Market Mondays: Markets stuck in a familiar cycle as geopolitics and momentum collide
Markets reintroduce some headline risk as geopolitical tensions flare once again whilst keeping focus on the CPI report this week.
Markets are once again caught in a familiar pattern, where headline-driven volatility masks a much stronger underlying trend. Over the past 24 hours, the narrative has flipped yet again, with reports that the US has rejected Iran’s latest proposal for peace talks. That has been enough to push oil higher and reintroduce some risk aversion at the margins, but the broader market reaction has been notably contained.
Brent Crude daily chart

Past performance is not a reliable indicator of future results.
This back-and-forth dynamic has become a defining feature of recent weeks. Constructive headlines around negotiations are quickly followed by setbacks, creating short bursts of volatility without fundamentally altering the trajectory of markets. Despite the deterioration in talks, the ceasefire itself remains in place, and that appears to be enough for investors to maintain a relatively optimistic stance. In essence, markets are reacting to the direction of headlines, but pricing a longer-term outcome where the conflict ultimately de-escalates.
The technical backdrop reinforces this view. US equities, particularly the Nasdaq 100, continue to show exceptionally strong momentum, with prices pushing higher despite increasingly stretched positioning. The speed of the rally — with momentum indicators in overbought territory — suggests that this is as much a positioning and sentiment-driven move as it is a fundamental one. There is a clear element of FOMO at play, with investors reluctant to step away from a market supported by strong earnings and improving profit expectations.
Nasdaq 100 daily chart

Past performance is not a reliable indicator of future results.

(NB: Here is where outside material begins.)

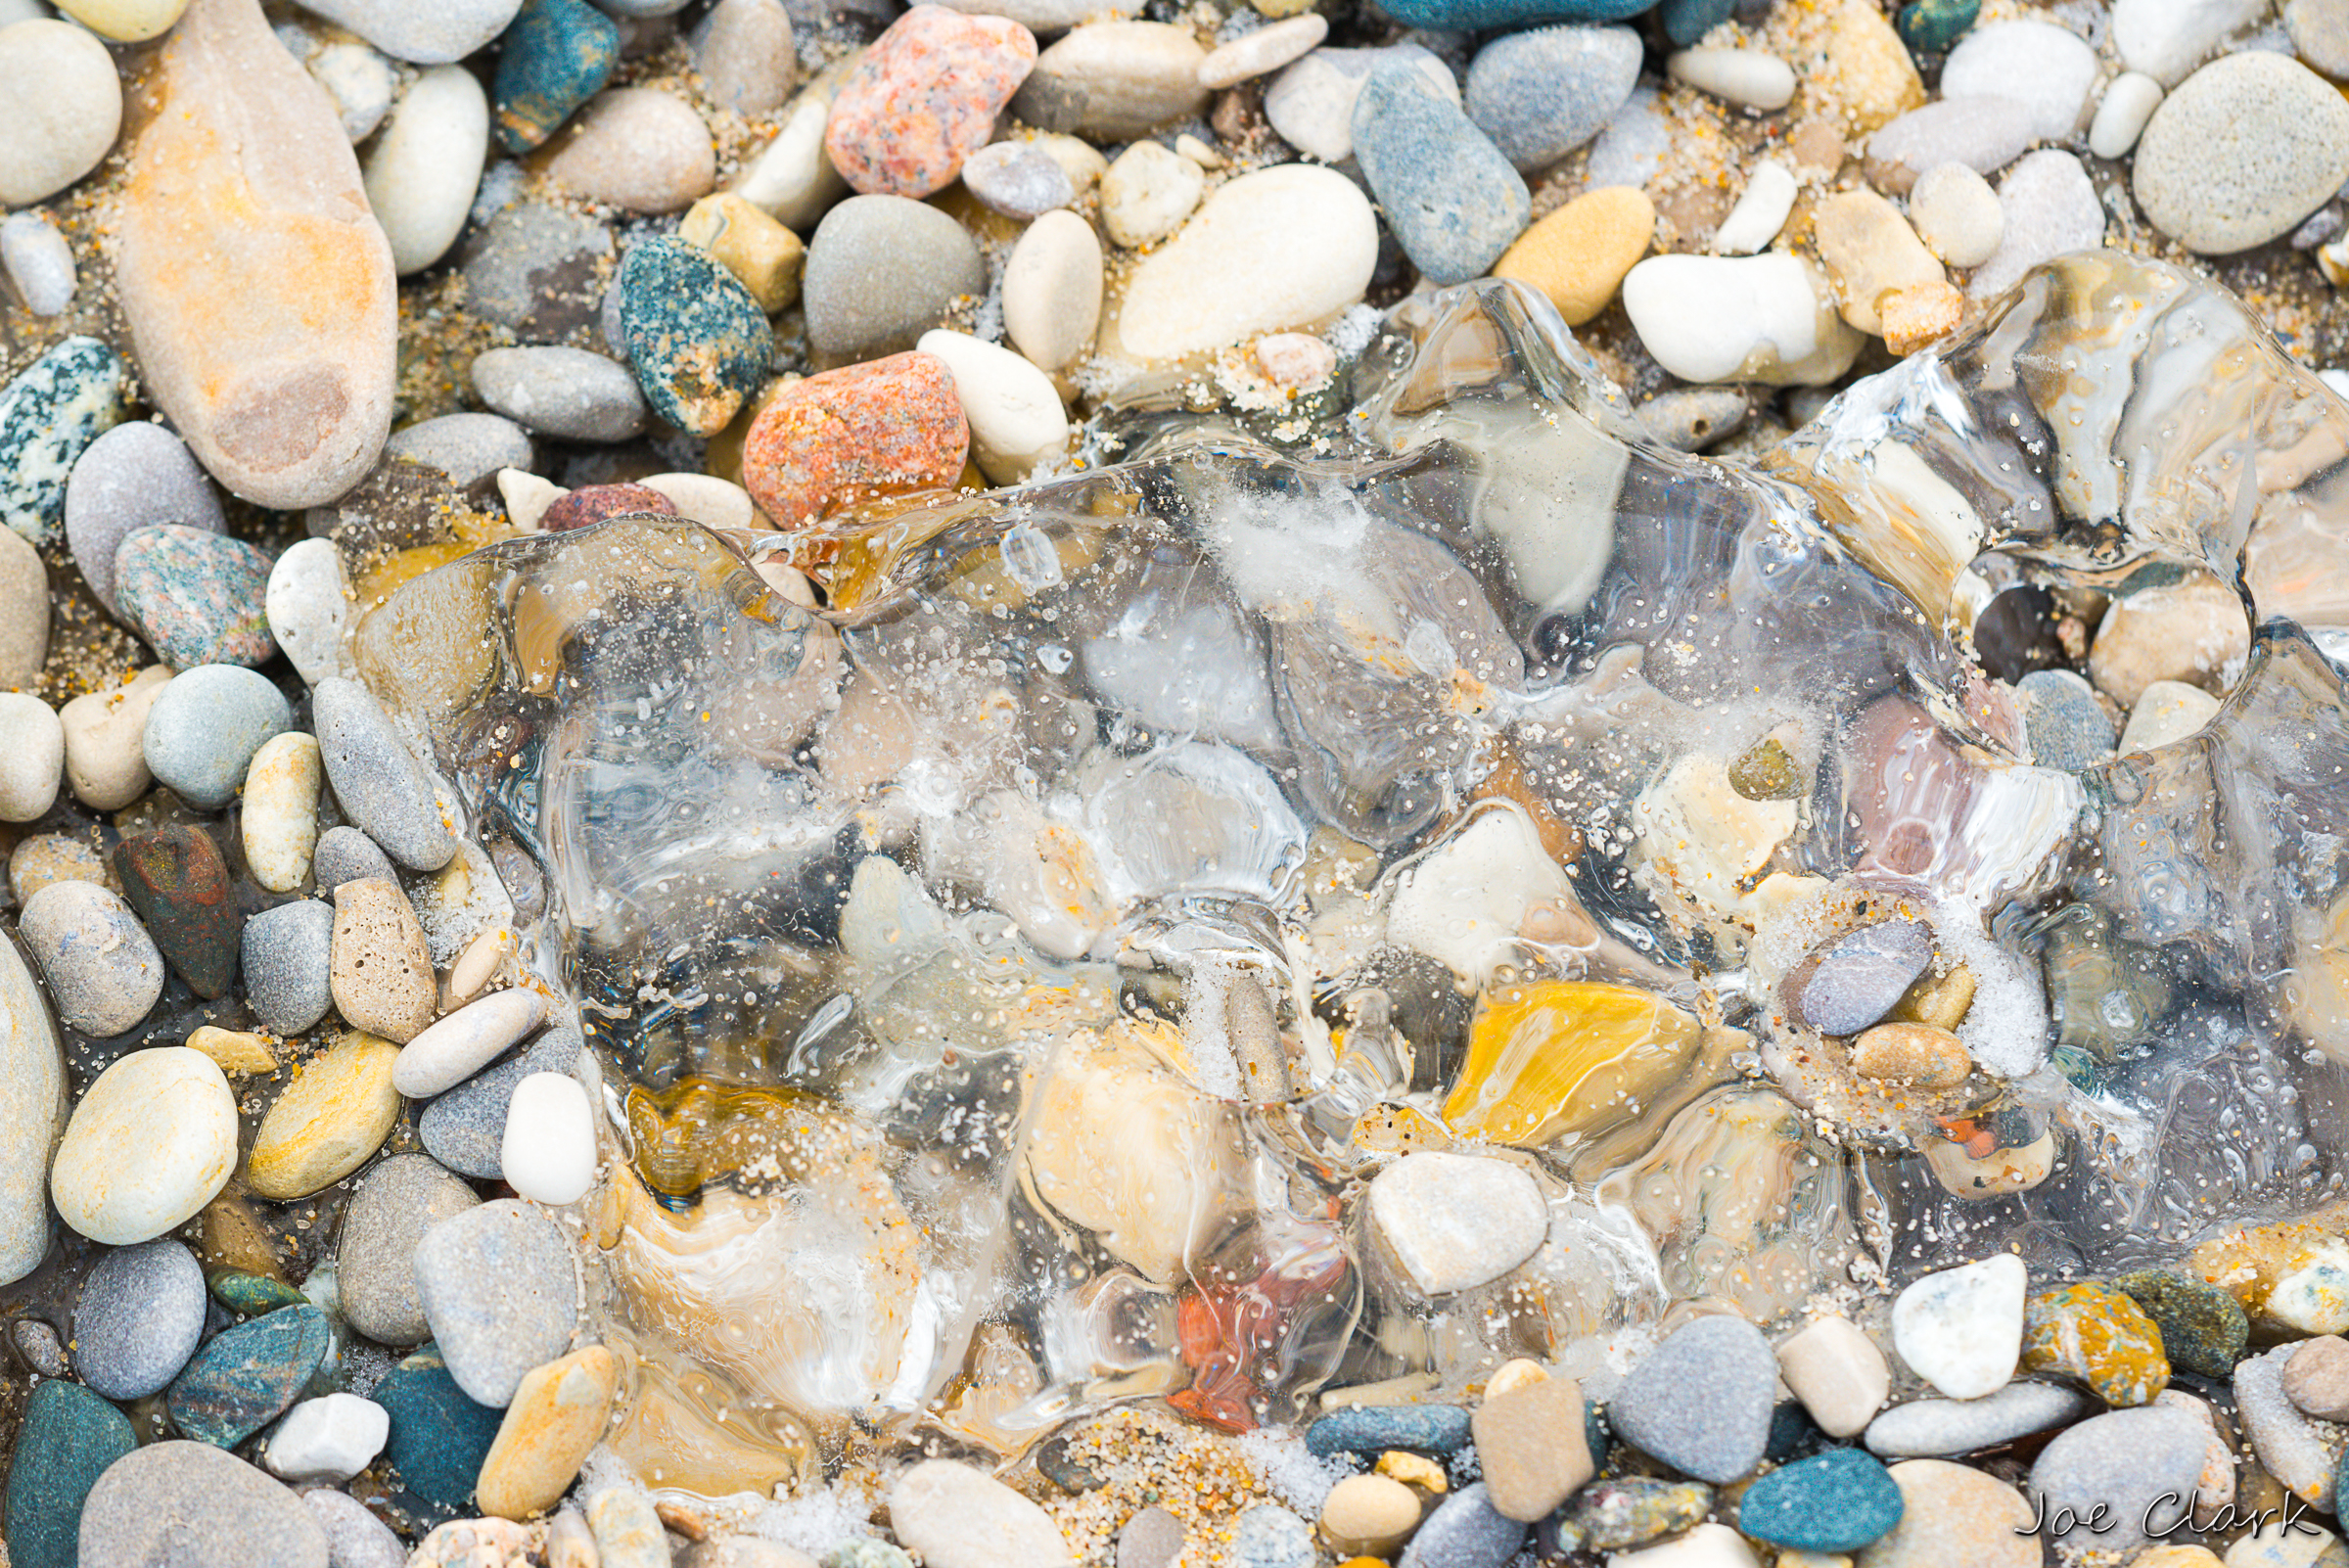 Ice and Pebbles 3 by Joe Clark American landscape Photographer

Those fundamentals remain the key anchor. Earnings season has delivered robust growth and rising margins, particularly in the US, helping to justify elevated valuations. At the same time, valuations are not yet at extremes, which gives markets room to absorb some volatility without triggering a broader repricing. This helps explain why equities have been able to look through geopolitical noise, even as oil remains elevated.
However, this creates a fragile equilibrium. Markets are effectively pricing a scenario where geopolitical risks do not escalate meaningfully, earnings remain strong and policy stays predictable. That leaves little margin for error. Any meaningful deterioration in negotiations, or a sustained increase in energy prices, could quickly challenge the current positioning.
Another key focus this week will be the US CPI release, which has the potential to challenge or reinforce the current narrative. Markets will be watching closely for signs that the recent energy shock is feeding into broader inflation, particularly through core and “supercore” measures. A benign print would support the view that inflation remains under control and allow equities to extend gains. However, a stronger-than-expected reading could push yields higher, strengthen the dollar and test the resilience of risk assets, especially given how stretched positioning has become.
In the near term, the focus may shift back toward geopolitics. With fewer economic data releases this week, markets may be more sensitive to political developments, particularly around the Strait of Hormuz. While the broader trend remains intact, the risk is that volatility could increase if the narrative shifts again.
For now, the dominant theme remains unchanged: markets are trading momentum and probabilities rather than certainty. The bias is still toward optimism, but it is an optimism that depends heavily on things not getting worse — and that makes the current setup inherently unstable.